**Aim of the exercise:** A complete answer lists every line of the entries below where the string "With" appears.
____________________
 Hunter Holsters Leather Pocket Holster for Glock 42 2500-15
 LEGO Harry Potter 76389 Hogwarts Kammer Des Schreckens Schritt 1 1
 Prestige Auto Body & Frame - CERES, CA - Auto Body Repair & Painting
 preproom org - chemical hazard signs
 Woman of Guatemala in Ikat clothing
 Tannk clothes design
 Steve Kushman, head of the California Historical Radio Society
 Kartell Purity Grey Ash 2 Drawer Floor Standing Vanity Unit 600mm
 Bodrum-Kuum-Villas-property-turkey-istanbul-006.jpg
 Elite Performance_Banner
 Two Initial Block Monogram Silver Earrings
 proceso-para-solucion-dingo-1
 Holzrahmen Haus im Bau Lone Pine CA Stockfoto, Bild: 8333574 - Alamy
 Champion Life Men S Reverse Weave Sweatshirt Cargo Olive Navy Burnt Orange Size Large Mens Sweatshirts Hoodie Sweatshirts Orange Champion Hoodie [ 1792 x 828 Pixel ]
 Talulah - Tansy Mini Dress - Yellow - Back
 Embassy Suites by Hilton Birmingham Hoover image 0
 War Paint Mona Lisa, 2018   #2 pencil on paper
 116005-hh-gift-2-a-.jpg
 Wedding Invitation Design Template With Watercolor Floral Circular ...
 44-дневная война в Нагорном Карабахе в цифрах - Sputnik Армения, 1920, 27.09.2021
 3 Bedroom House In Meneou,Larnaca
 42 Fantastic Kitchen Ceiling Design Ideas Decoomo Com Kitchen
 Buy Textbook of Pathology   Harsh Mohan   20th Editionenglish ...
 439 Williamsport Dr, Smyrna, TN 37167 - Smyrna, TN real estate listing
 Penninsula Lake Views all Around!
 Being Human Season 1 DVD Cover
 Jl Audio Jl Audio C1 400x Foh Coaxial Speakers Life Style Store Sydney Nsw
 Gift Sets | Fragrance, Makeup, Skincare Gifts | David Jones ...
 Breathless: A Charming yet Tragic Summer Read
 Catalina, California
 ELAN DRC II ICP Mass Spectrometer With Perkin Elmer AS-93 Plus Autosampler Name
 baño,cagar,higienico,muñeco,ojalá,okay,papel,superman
____________________
**Solution for this task:**
 Wedding Invitation Design Template With Watercolor Floral Circular ...
 ELAN DRC II ICP Mass Spectrometer With Perkin Elmer AS-93 Plus Autosampler Name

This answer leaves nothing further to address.